What have we done above?

  • “sdval” is the libreoffice tag indicating a formatted value is being passed
  •  “sdnum” defines the format string
  • The date within the <td></td> tags is actually irrelevant — it need not be supplied — the date is the assigned “sdval”

How is “sdval” calculated?

sdval is the number of days between your date and January 1 1900 inclusive.

Pseudo code:
[Your desired date] - [Date Jan. 1 1900] + 2

The best way to discover these tags is to create a spreadsheet in Libreoffice and save it as html. Examining the html code will give you most of the information you’ll need to implement them in your own code.  I have yet to find a comprehensive document on libreoffice tag codes with the Libreoffice special tags document only delivering some hints. [If you find good documentation on these tags please let me know].

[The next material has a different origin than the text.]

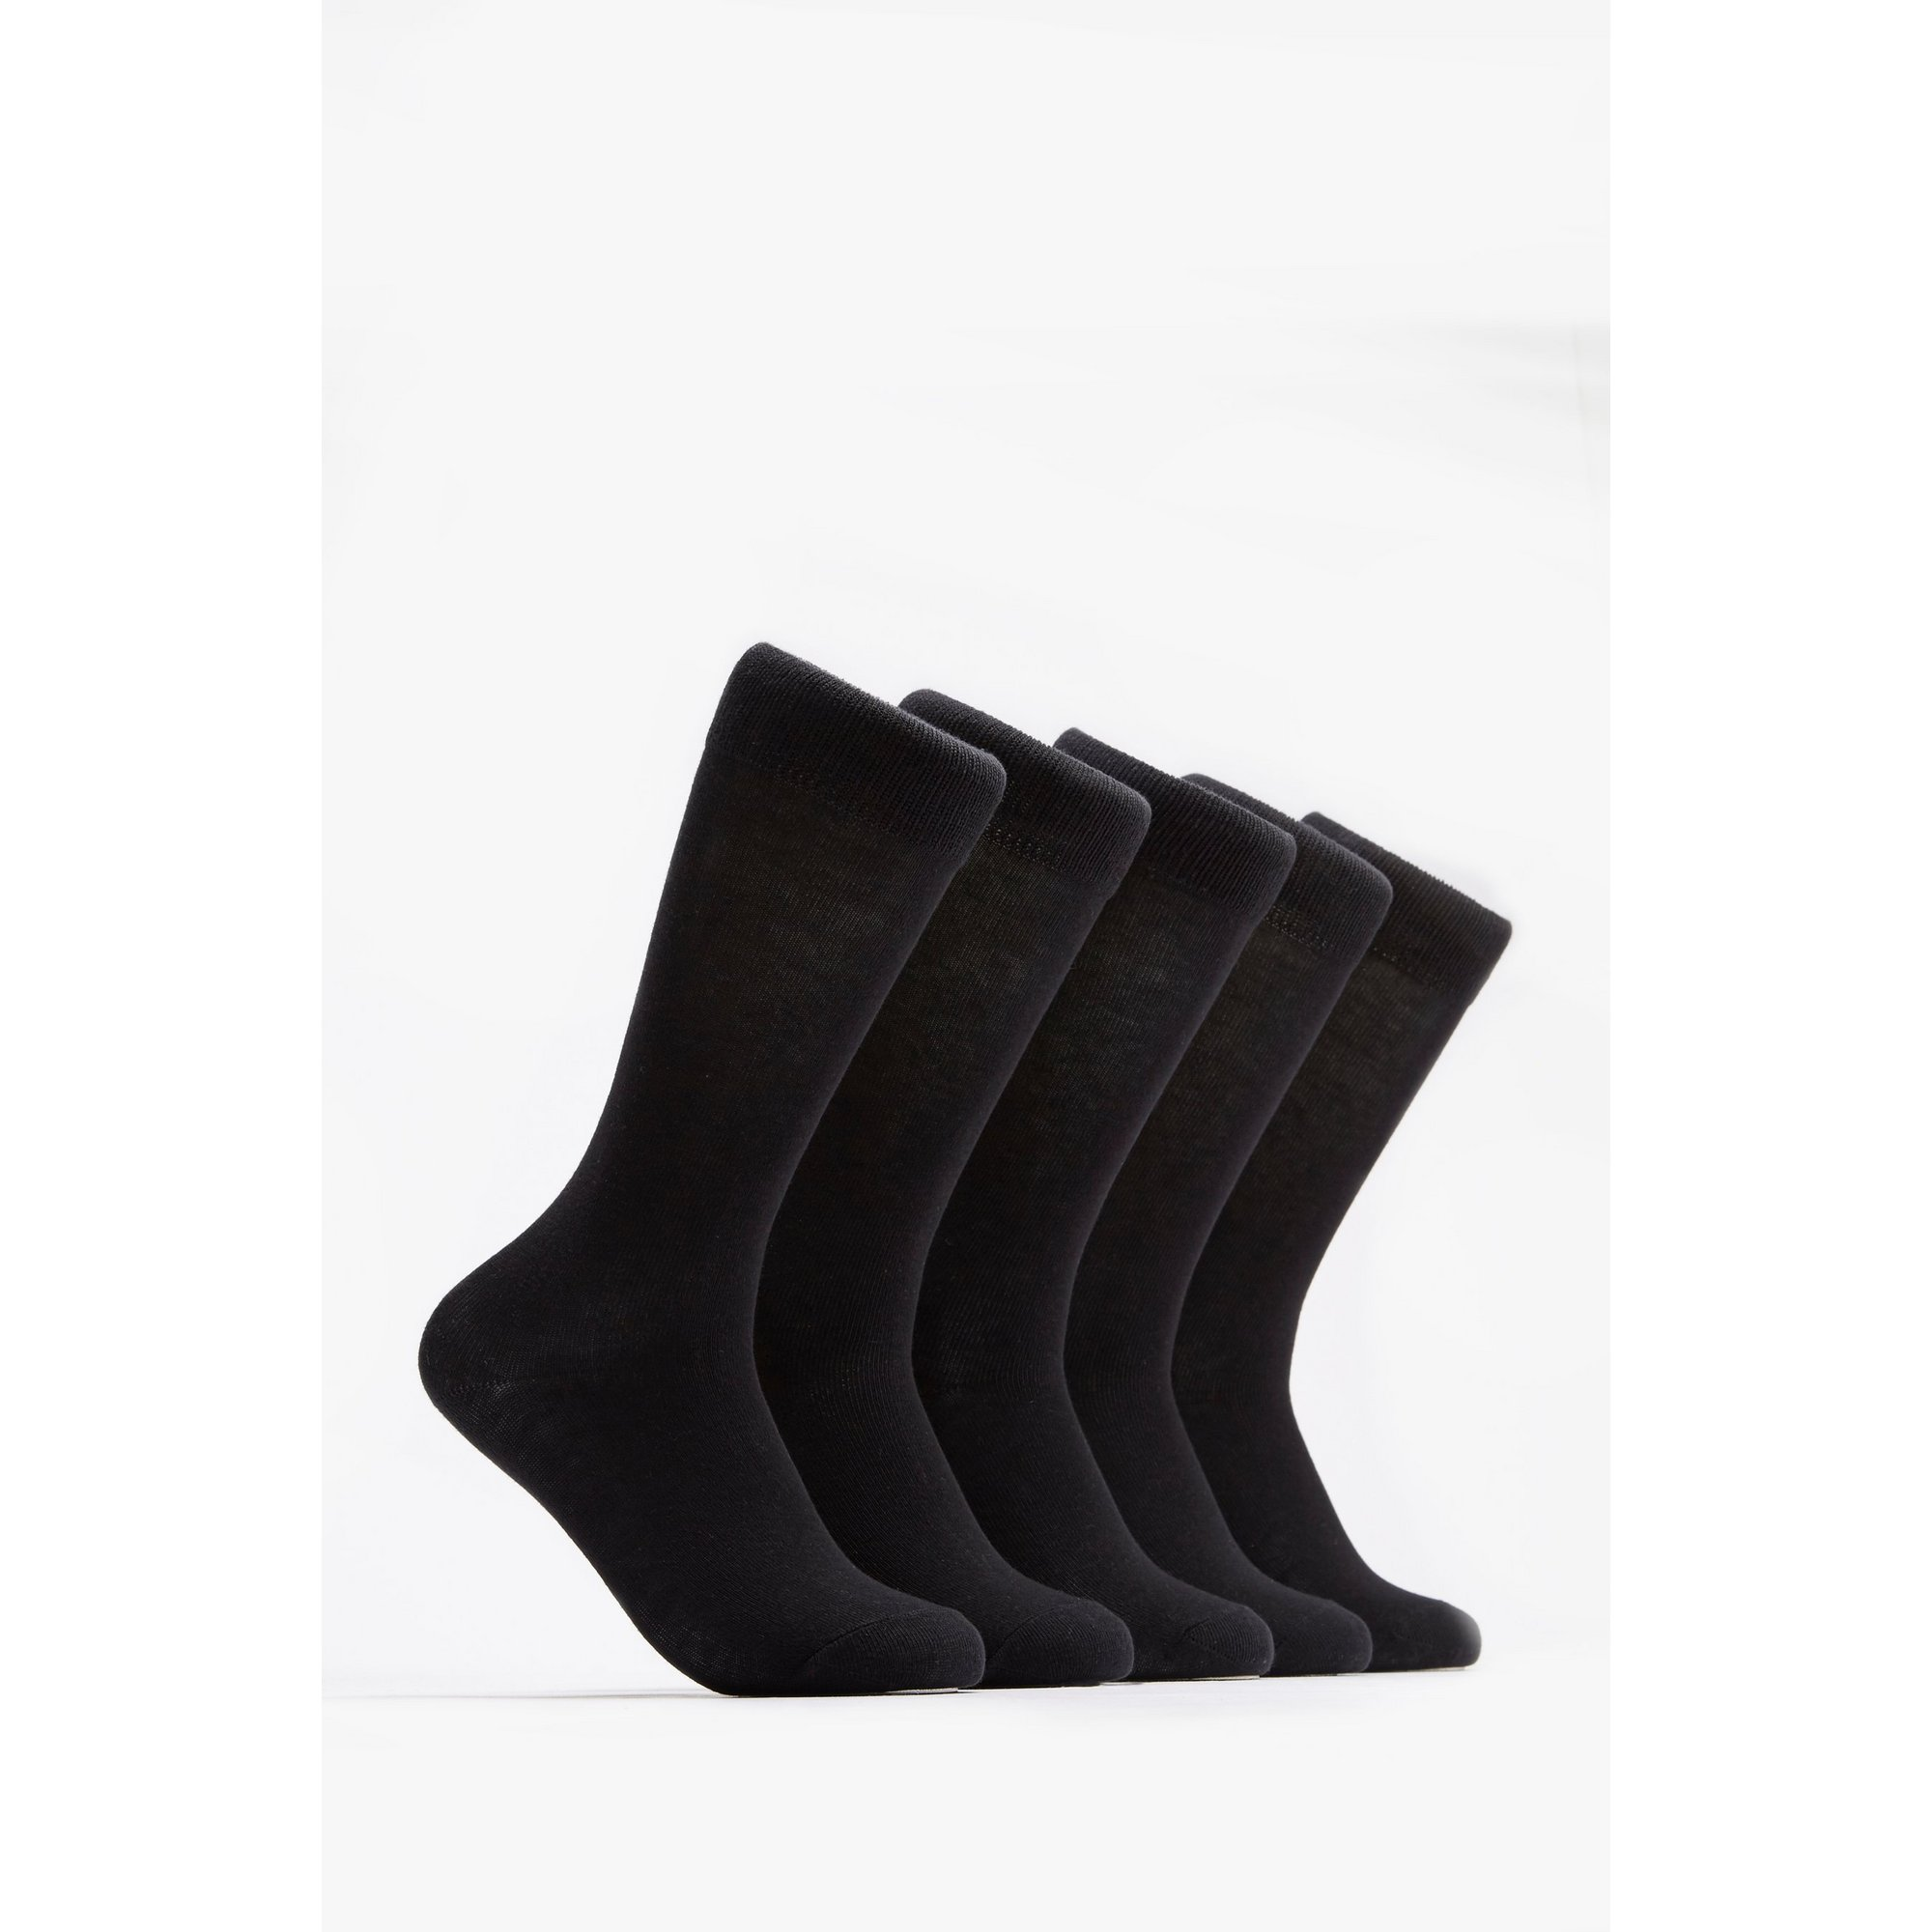 Image of Girls Pack of 5 Black Knee High Socks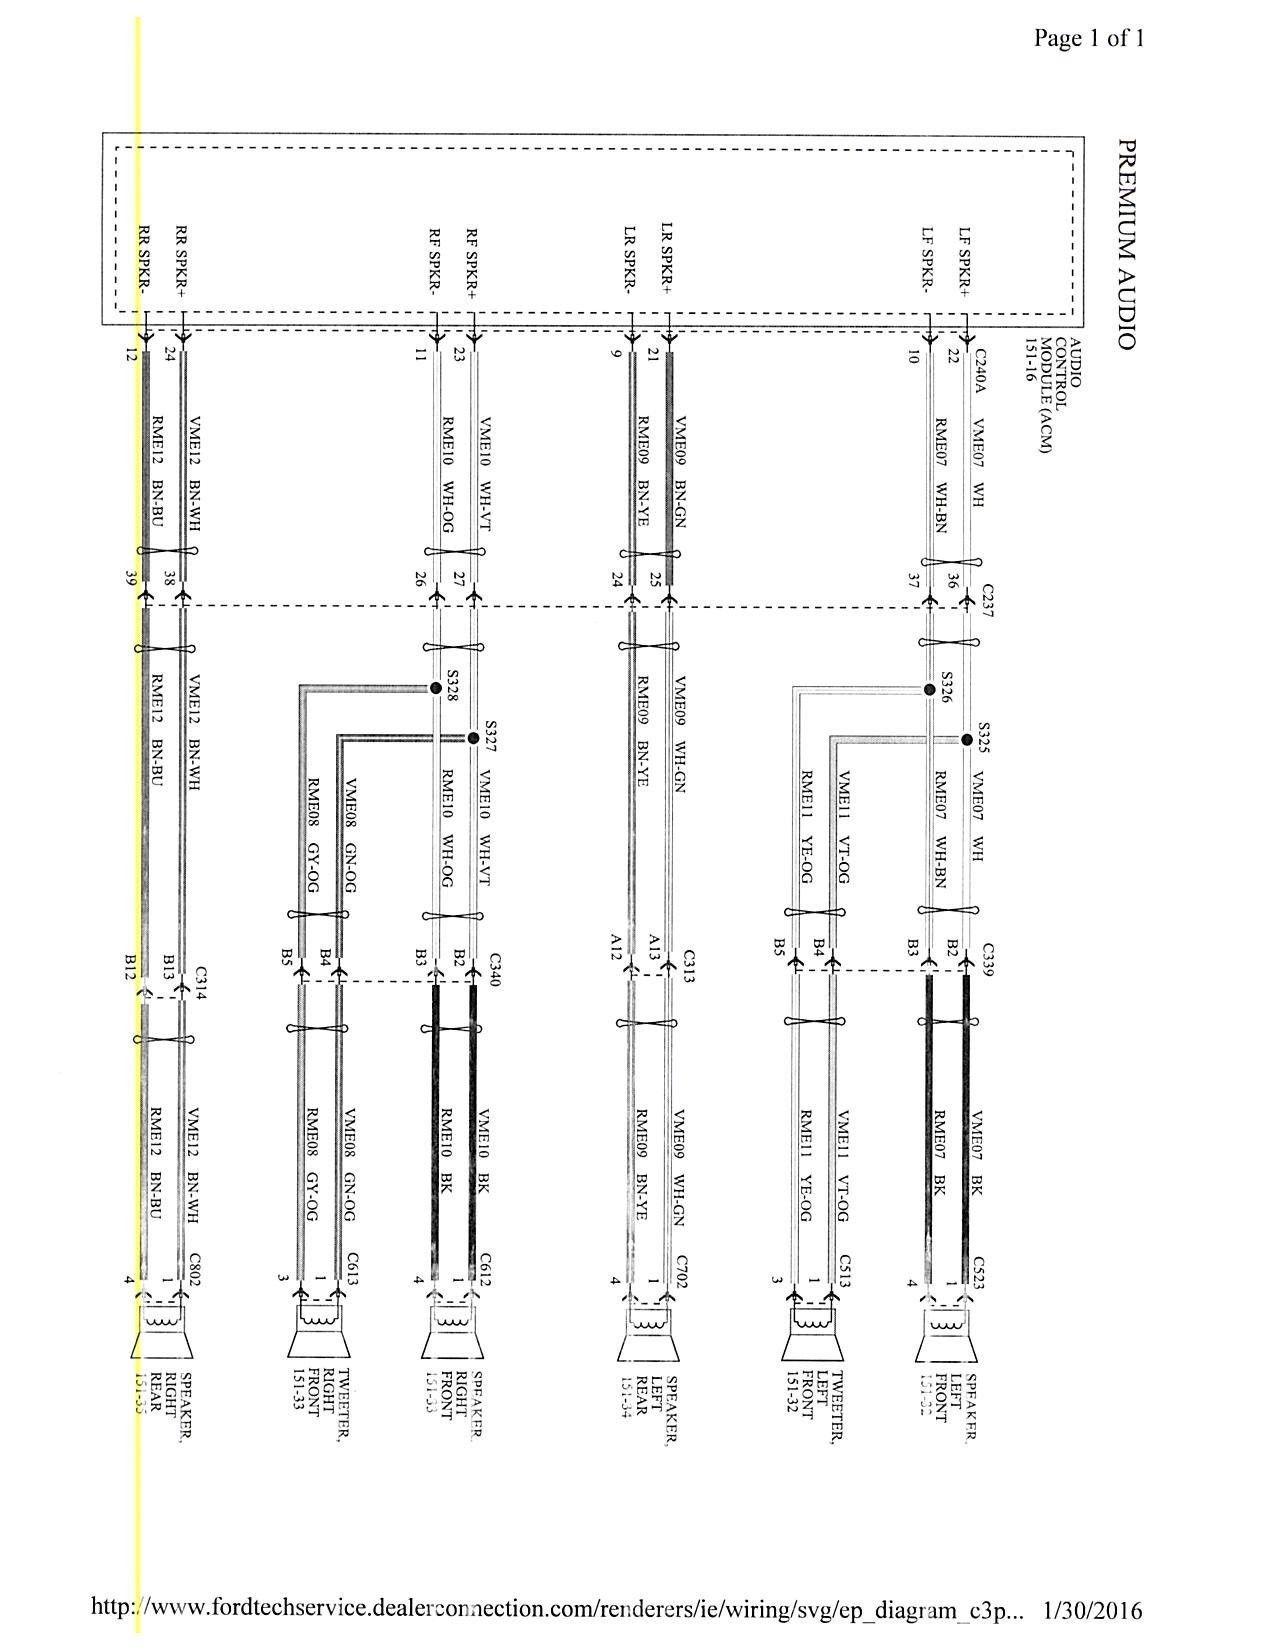 Unique Wiring Diagram Car Radio Pioneer  Diagramsample  Diagramformats  Diagramtemplate In 2019

After making the SDVAL / SDNUM changes to our data it looks like this

Producing a file that we can modify and use formulas requiring proper date formats in fields.

filepro html with libreoffice attributes-> libreoffice converted -> spreadsheet XLS/XLSX now handles date math!

Conversion trouble shooting

The source files have to be wide open permissions (777 ie. rwxrwxrwx) for the user. This seems very odd indeed and caused me no end of grief.

To determine what was failing I ran a ‘strace’ on the command and reviewed the log file.

strace    -o  -f   /tmp/logfile.log        [scalc  command]

Review the log file for errors … strings to search are “Permission Denied”, “Fail”, “[“

In my case the error the Permission Denied error pointed to the execute permission. With the change made my file converted flawlessly from html to xis.

Libreoffice and file conversions

Creating files for Excel need not be restricted to simple CSV’s.

Experiment with html tags and libreoffices’ convert option. Save some Libreoffice spreadsheets in html format and examine the source code generated.

Libreoffice provides a simple utility for converting your html data into XLS/XLSX and other formats.  Libreoffice is also useful for converting reports into DOC/DOCX and PDF formats. Libreoffice is a wonderful tool to
enhance your legacy systems output.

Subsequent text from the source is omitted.